3-4 Oct:  We were especially eager while in northern Louisiana to visit Poverty Point, an ancient mound and earthwork complex that is a UNESCO World Heritage Site.  There are many ancient Native American mound sites in the southeastern and Midwestern states, particularly in the Ohio, Tennessee, and Mississippi river bottomlands, but Poverty Point is exceptional because (1) it was a very large city for its time, (2) it was built by people who were still primarily hunter-gatherers and did not farm to provide their main food source, and (3) it was built about 2,000 years before its largest earthwork was matched or surpassed in size by any other mound in North America.  Poverty Point is considered to have been North America’s first major city, far larger than other population centers of its time (1650-1100 BC).  It was constructed in an unusual configuration, with six concentric semi-circular ridges around one side of a large plaza.  Small individual family dwellings were constructed on those ridges.  Just outside of the concentric ridges is a very large mound (“Mound A”), the second largest in North America, after Cahokia’s Monk’s Mound.  Erosion has taken its toll on Mound A for more than 3,400 years, and treasure seekers did some digging in it looking unsuccessfully for unrecovered spoils of the Jesse James gang’s spree of bank and train robberies, but the mound’s shape appears to resemble a bird in flight.  The whole Poverty Point mound and ridge complex was built entirely by human labor using millions of basketfuls of dirt.  Mound A alone required an estimated 15.5 million basket loads of 50 pounds each.  It was apparently completed very rapidly, in as little as 90 days.  Considering the huge scale of the project, this was a major accomplishment, requiring sophisticated planning and coordination of a large work force.  Millions of artifacts have been recovered at the site, characterizing the inhabitants’ way of life in detail and demonstrating that they had a wide-ranging trade network.

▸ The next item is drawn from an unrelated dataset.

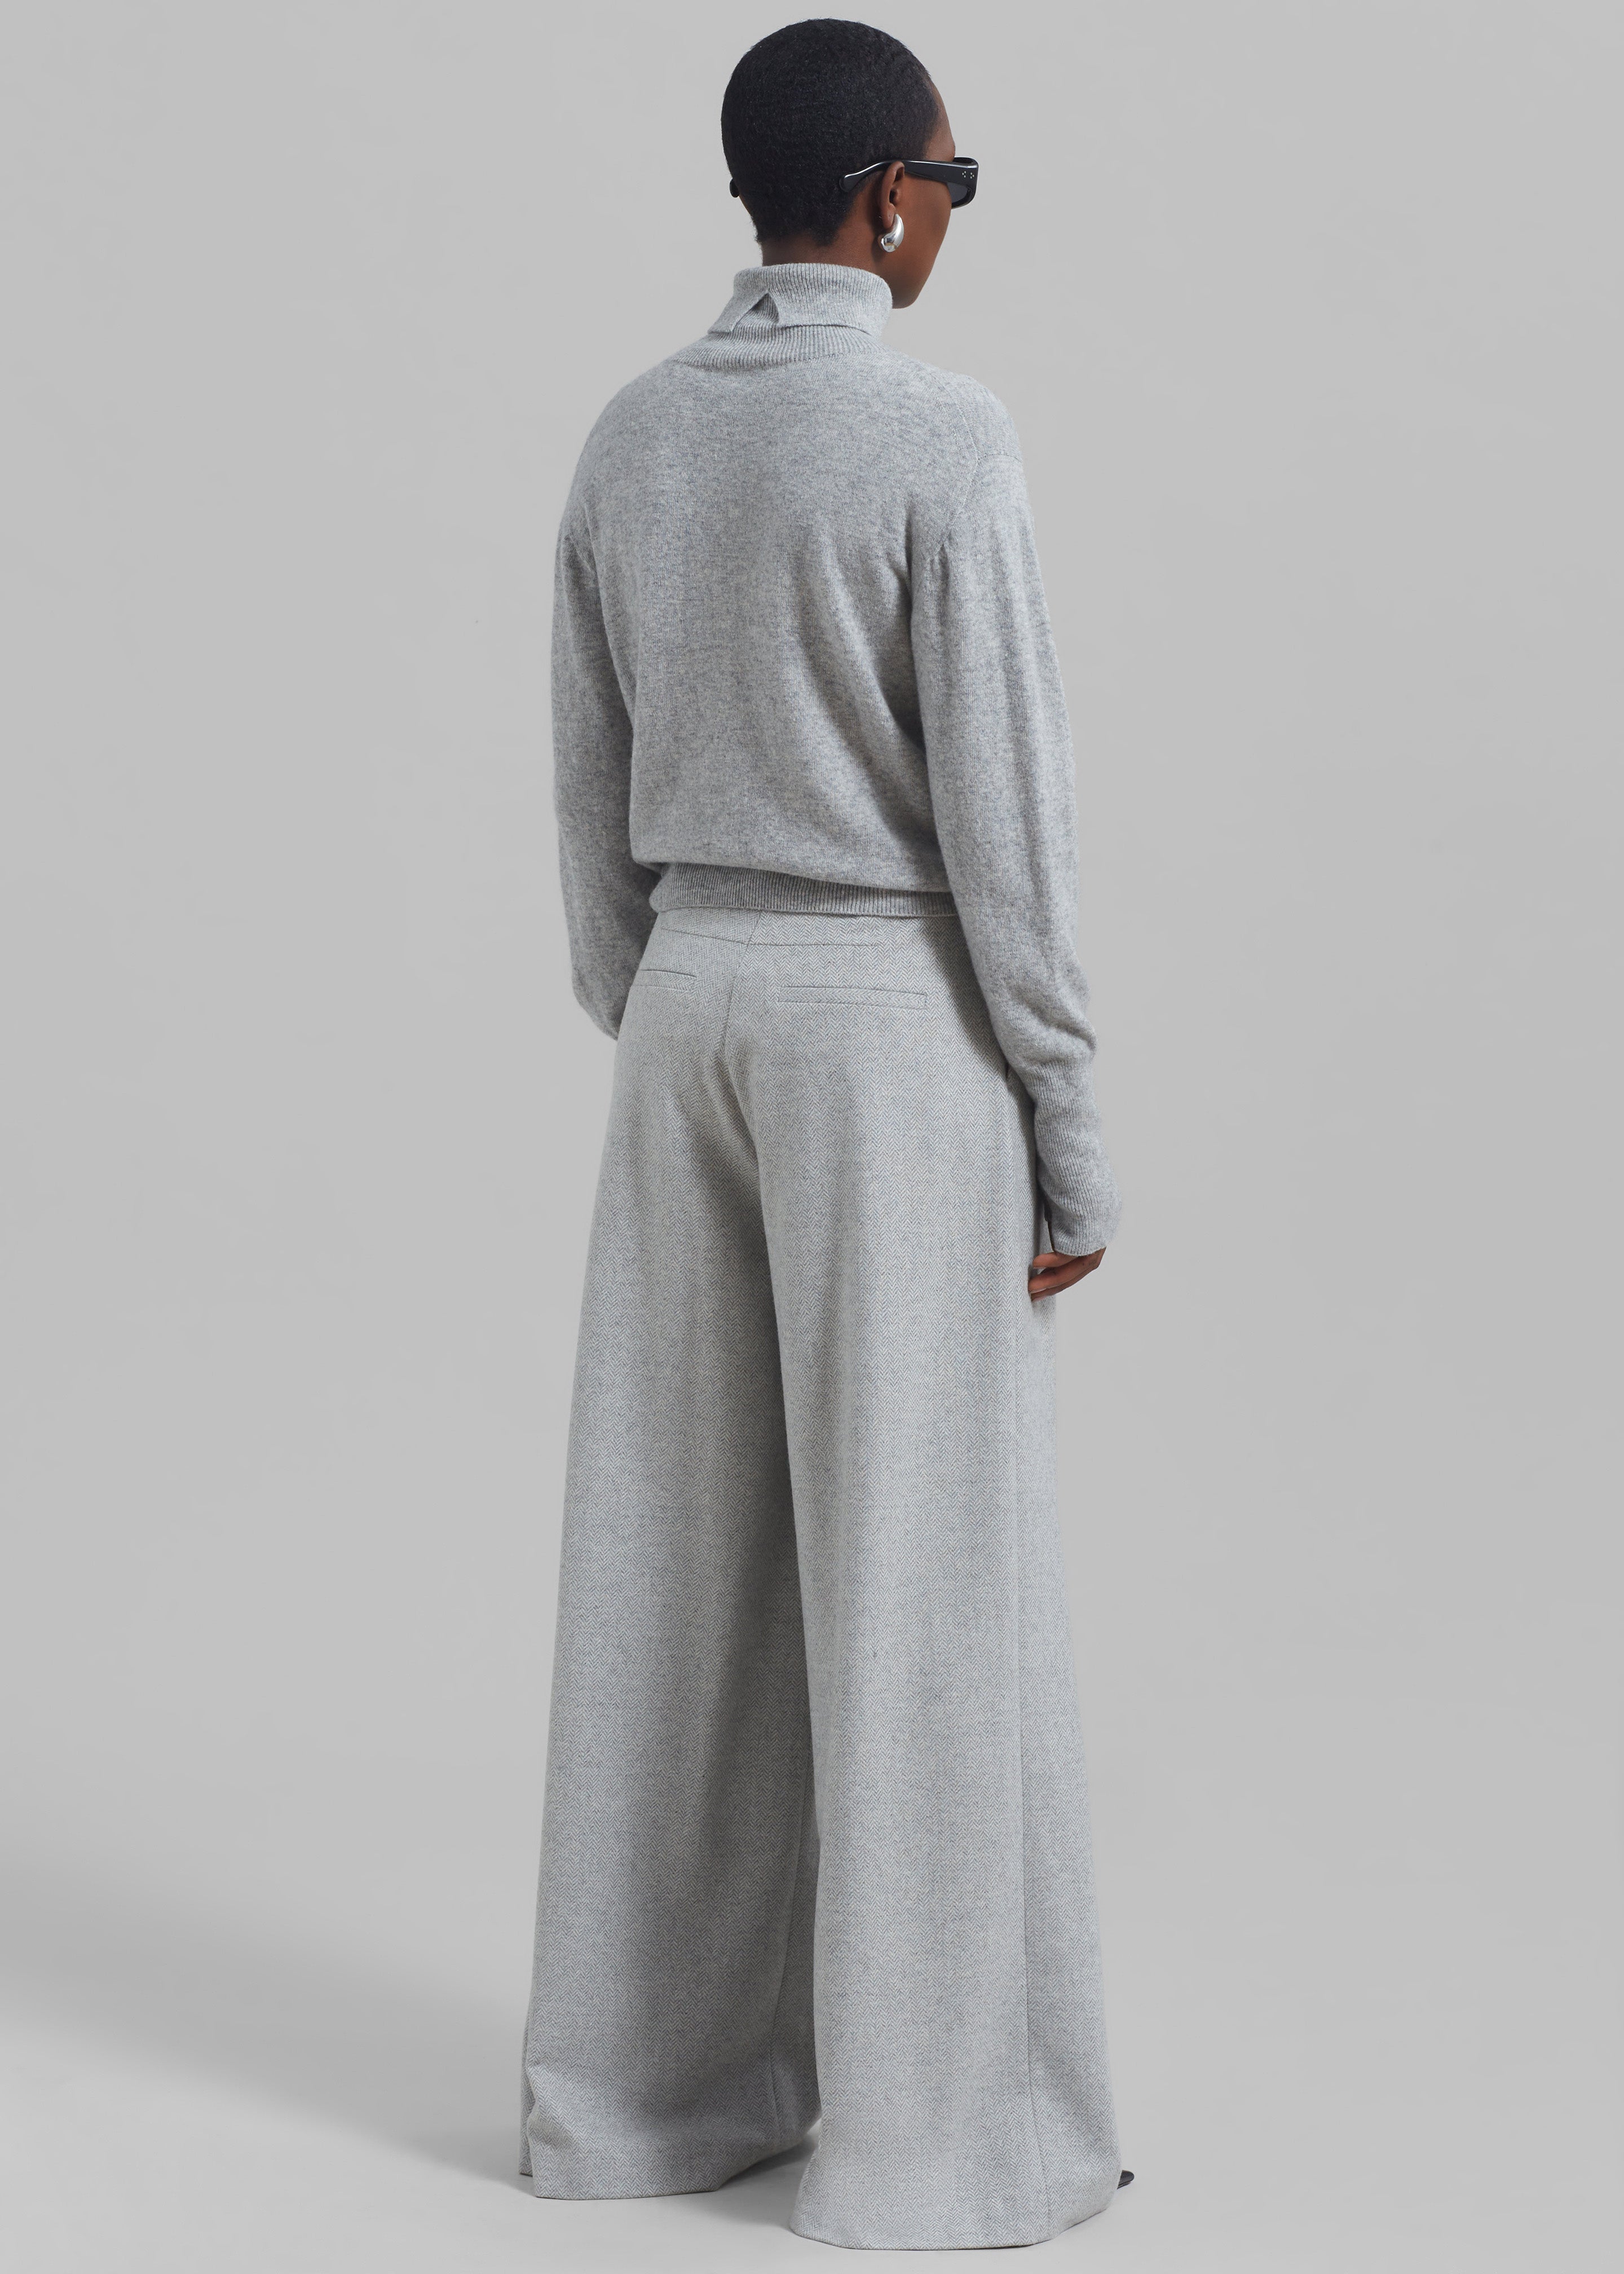 The Garment Trento Pants - Heather Grey Herringbone - 8

Poverty Point’s unusual configuration
Poverty Point’s Mound A

After our visit to Poverty Point, we briefly visited two other ancient mound sites:  Winterville Mounds and Toltec Mounds, which are Mississippi and Arkansas archaeological state parks, respectively.  These both represent the Mississippian culture.  The Toltec mounds (no relation to the Toltecs of ancient Mexico) were occupied during 600-1050 and the Winterville mounds were built about 1220-1250.  Mounds in these and other Mississippian sites varied in their shape and use.  Platform mounds (truncated pyramid shape) were common, but others were conical, rounded, or low and flat.  Large mounds were probably ceremonial centers, some were used as burial mounds, and some had dwellings or other structures on top.  Most remains of mounds and other earthworks such as these were abandoned so long ago that Native Americans living when the first Europeans arrived did not know who built them.  They may have been abandoned because of depletion of local resources, unfavorable changes in climate, warfare, or other reasons.  Some mound building even continued into historical times and was witnessed by the Spaniards.